§ **DATA SEGMENT**
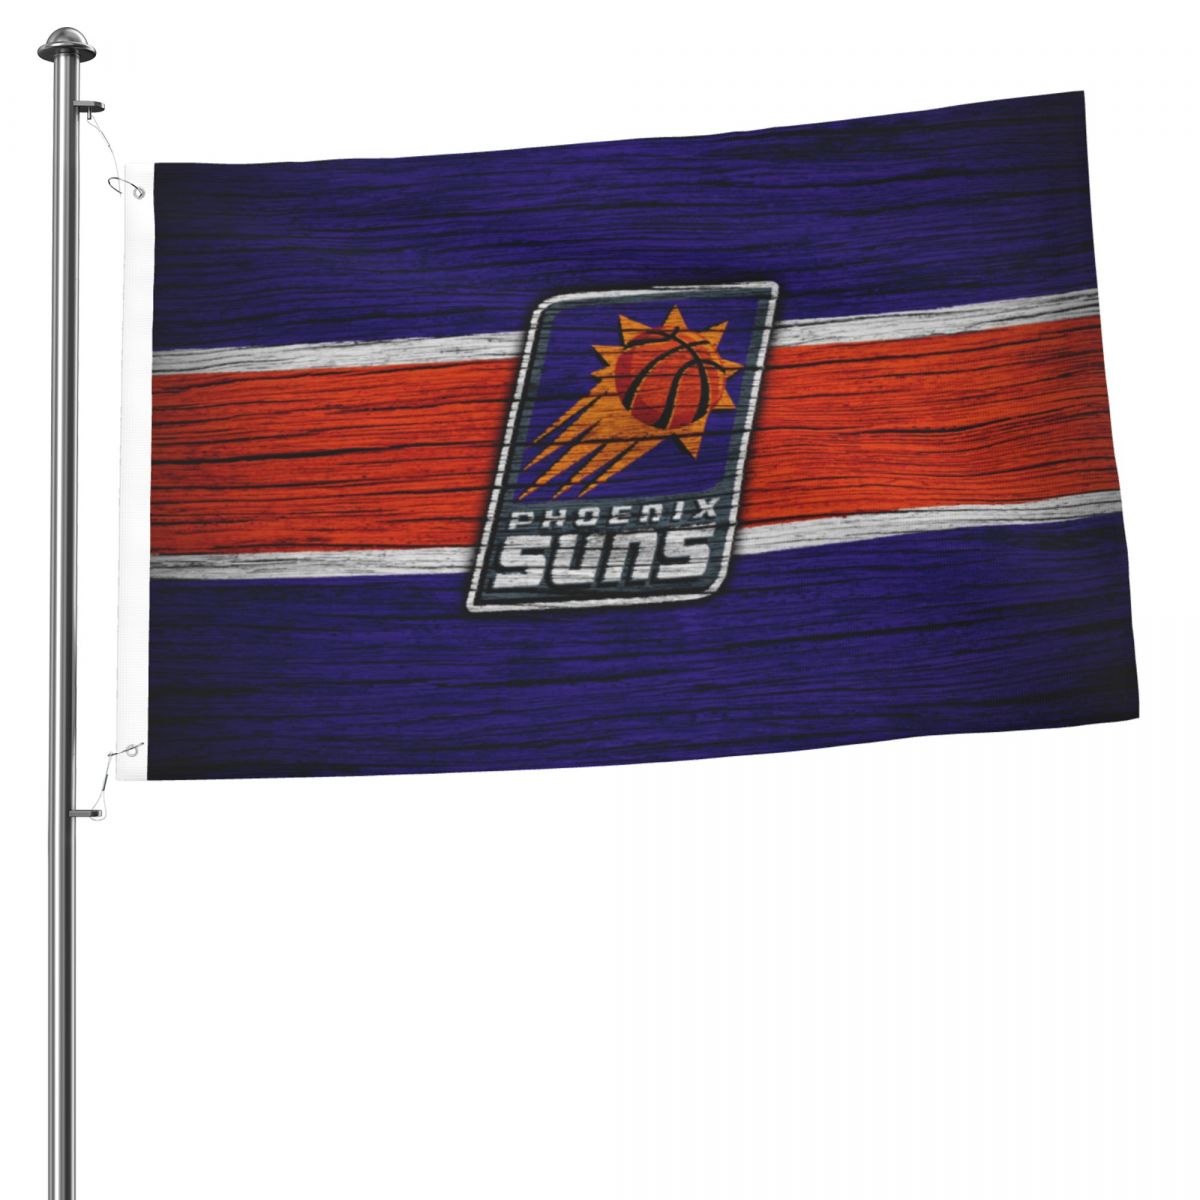 Phoenix Suns NBA Wooden Texture 2x3 FT UV Resistant Flag
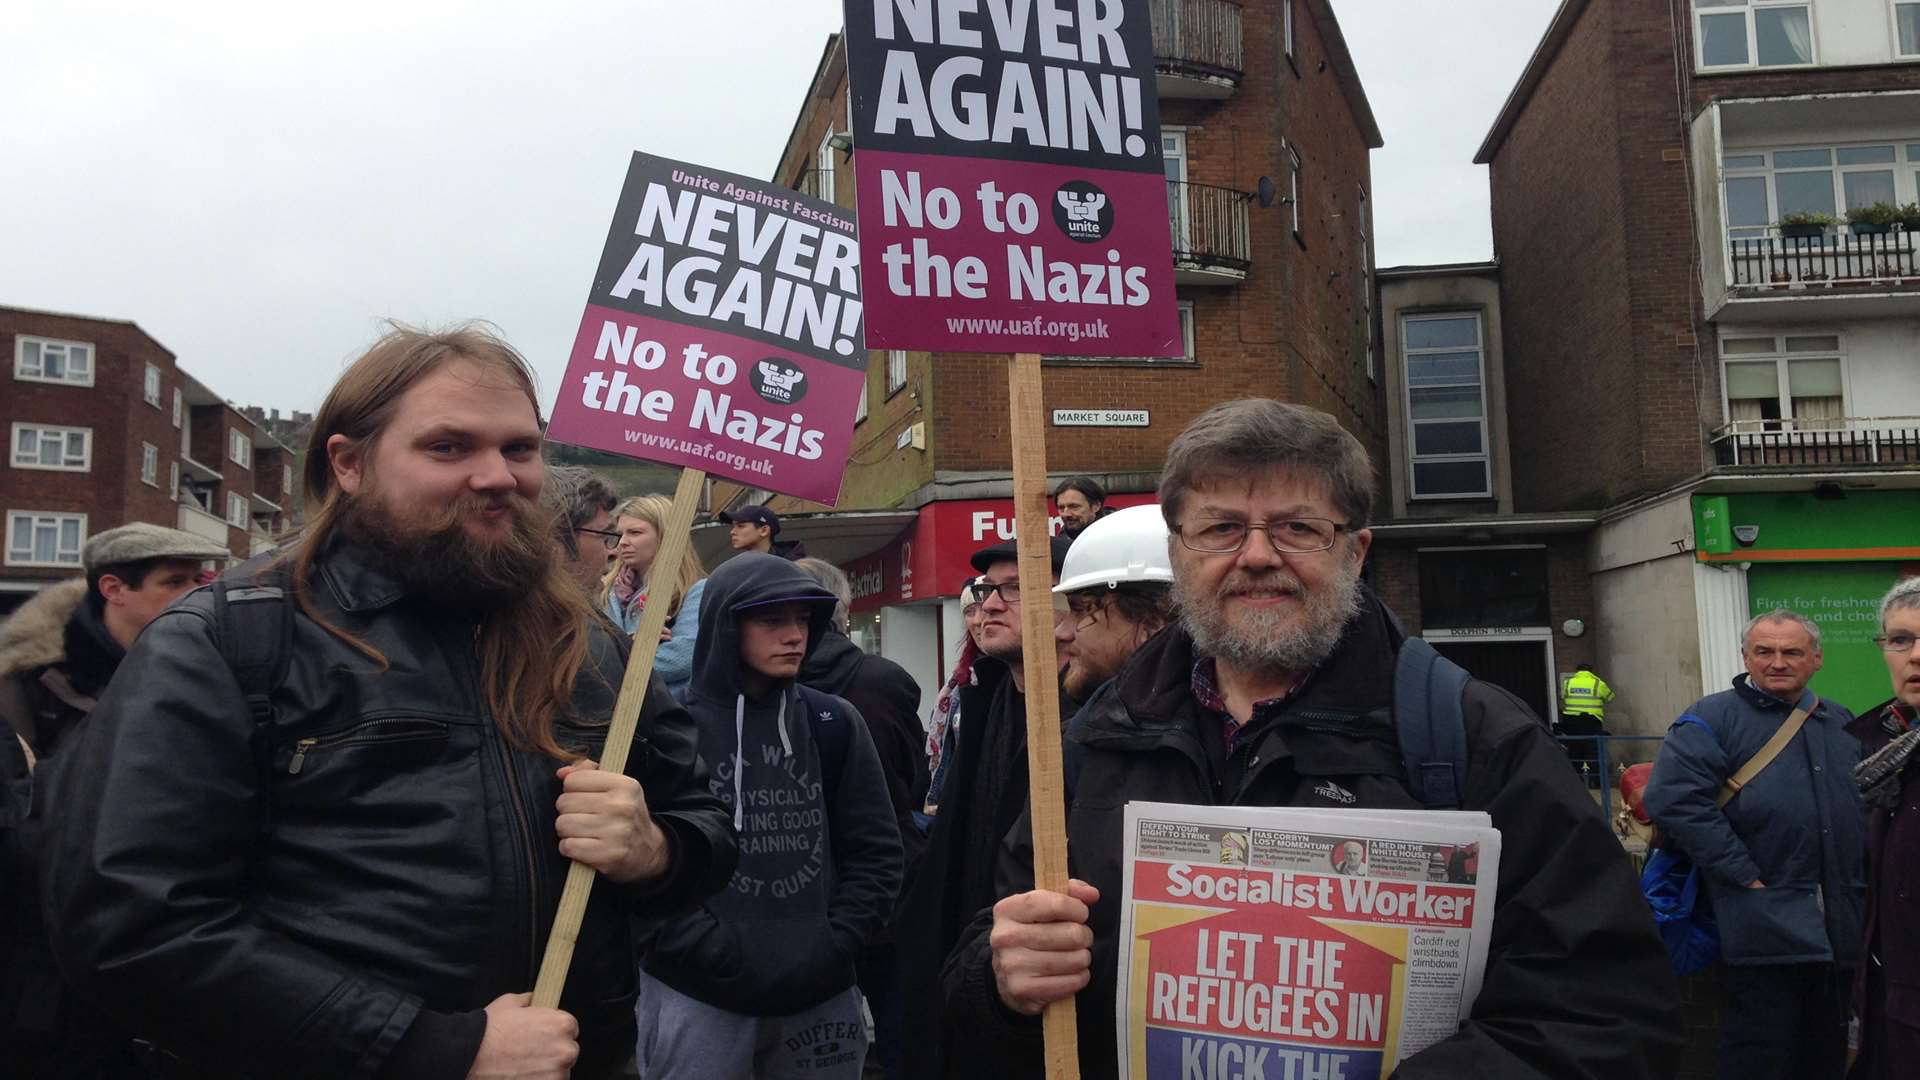 Protestors at the anti-fascist rally
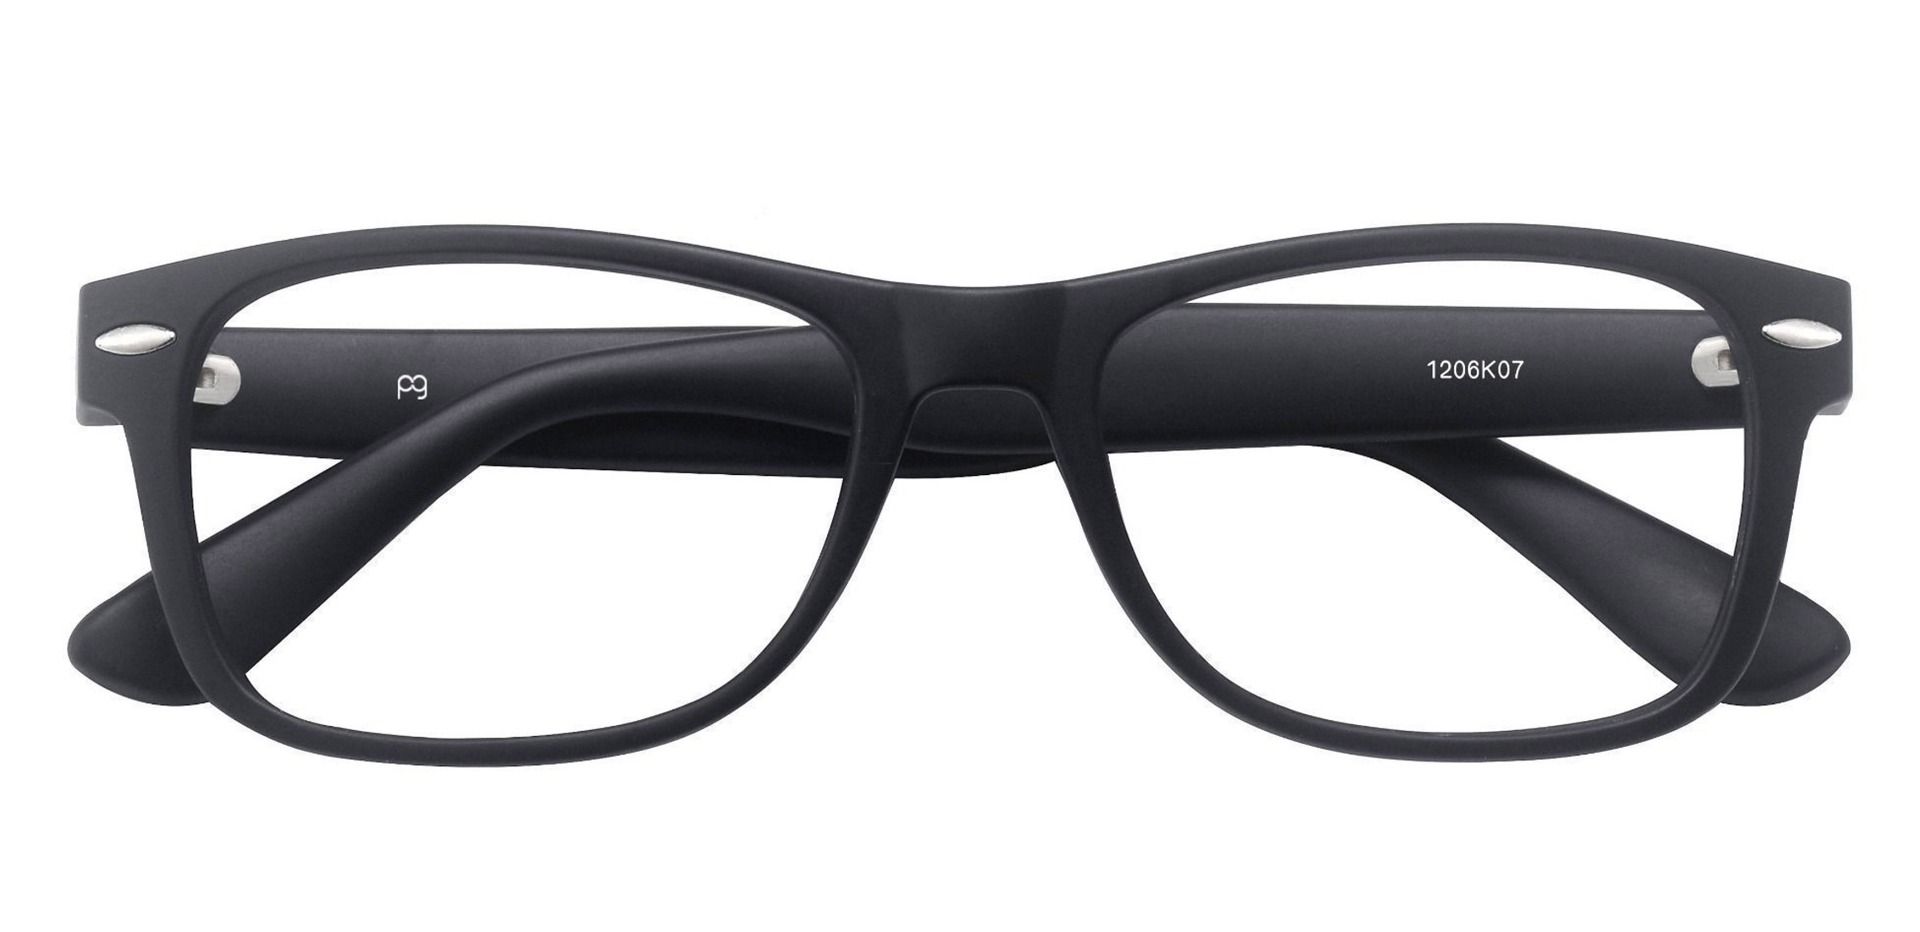 Kent Rectangle Prescription Glasses - Black | Women's Eyeglasses ...

§ **WHAT IS NEEDED**
Provide the listing above once more, exactly, with the pictures removed.

§ **RESPONSE**
 Phoenix Suns NBA Wooden Texture 2x3 FT UV Resistant Flag
 Protestors at the anti-fascist rally
 Kent Rectangle Prescription Glasses - Black | Women's Eyeglasses ...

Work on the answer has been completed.